$$\frac{x+2}{4x\:}=\frac{3x-1}{3x}$$
Putting this code into Cymath, the first step is: "Cancel x on both sides." Then "Multiply both sides by 12 (the LCM of 4, 3)."
How was that possible? What method or teaching did they use to be able to do it and how was it done?
I tried the equation in Symbol and Quickmath and both have steps that do:
$$3x(x + 2) = 4x(3x - 1)$$
Wouldn't I do $3x * x = 3x^2$? The solutions show, it is just $3x$. So what happened to the $x$?
You don't have to multiply both sides by $3x$ and $4x$ as Symbol and Quickmath do. It's enough to multiply both sides by $3, 4$ and $x$, and simplify the resulting fractions. That way, you get $$ 3(x+2)=4(3x-1) $$ Cymath seems to treat "multiply both sides by $x$" and "multiply both sides by $12$" as two completely different kinds of operations, which, to be fair, is probably necessary in a computer program. We humans, however, can treat the two as basically the same.
Just remember that multiplying by something with $x$ might introduce extra solutions into our equation. For instance, Symbol's and Quickmath's multiplication by $3x\cdot 4x=12x^2$ gives us an equation where $x=0$ is a solution, even though that's not a solution to the original equation.

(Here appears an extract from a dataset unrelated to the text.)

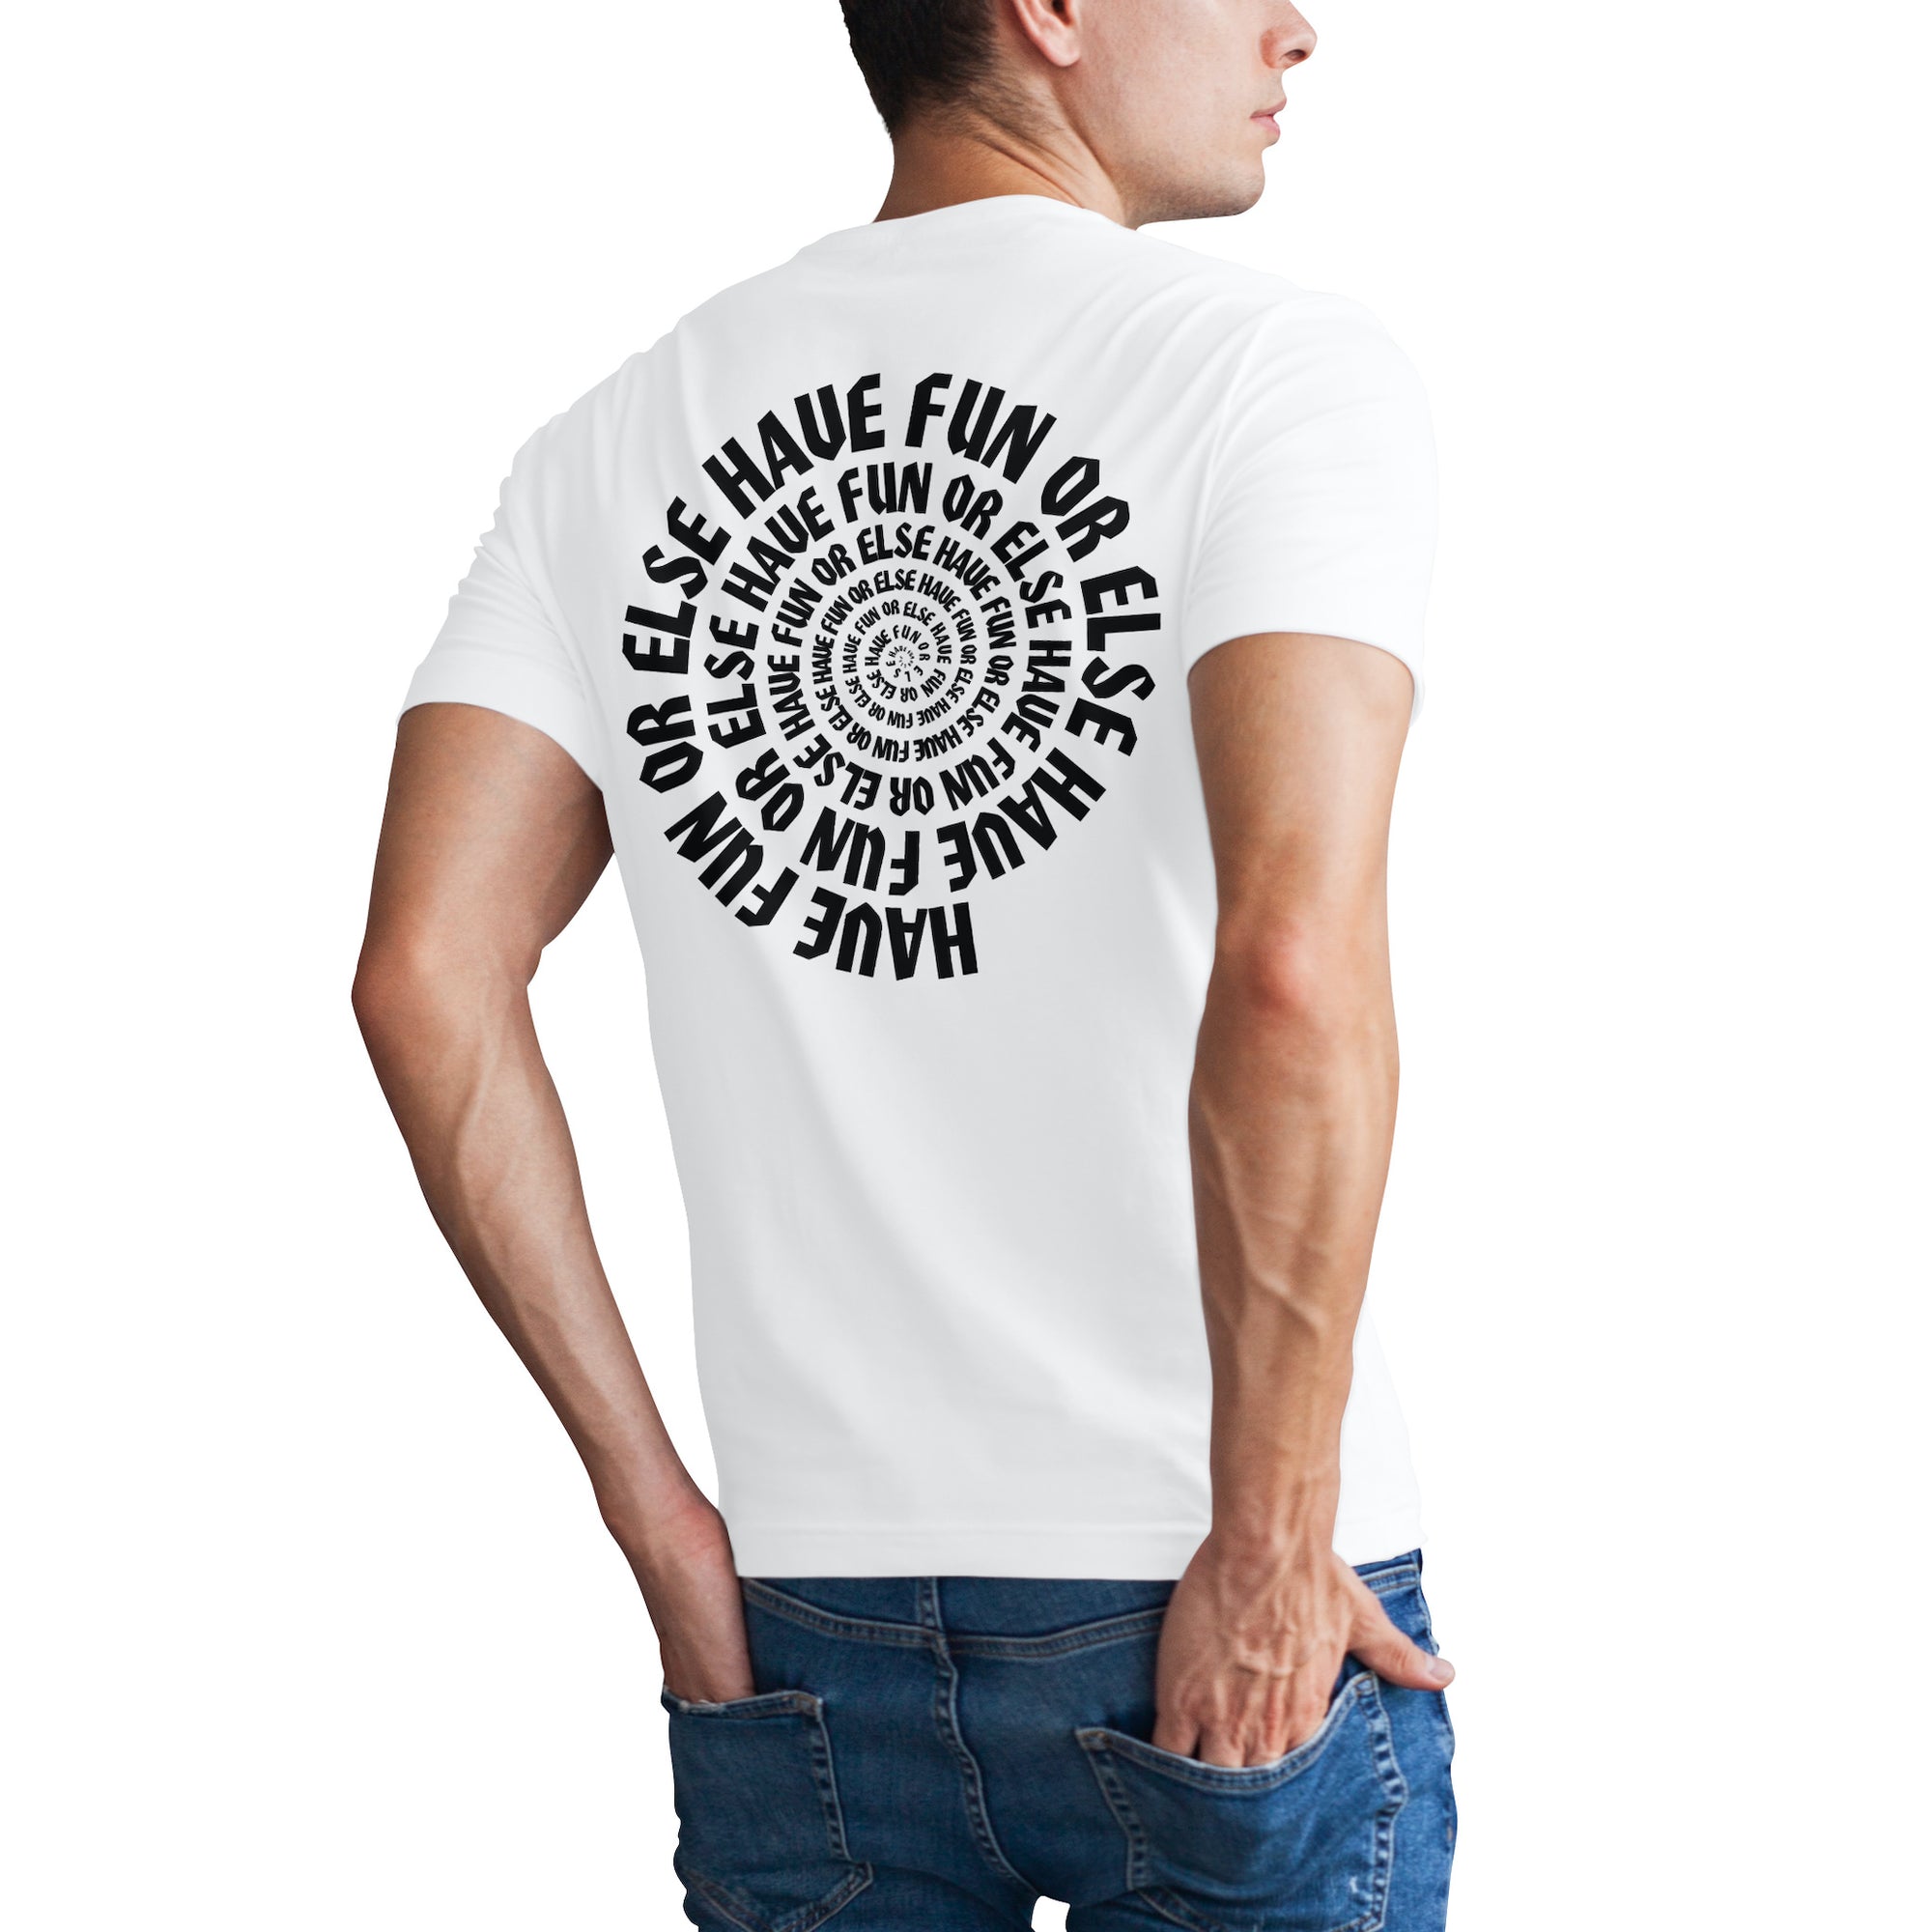 Man wearing Have Fun Or Else Easy Livin' white t-shirt, back

PS: Note that strictly speaking, using the formal, rigorous, conventional definition of fractions, the expression $$ \frac{x+2}{4x}=\frac{3x-1}{3x} $$ truly means $$ 3x(x+2)=4x(3x-1) $$ (as long as the denominators aren't $0$). So calling that step of going from the top one to the bottom one "multiply on both sides" is imprecise. The step is actually called "apply the definition of fractions".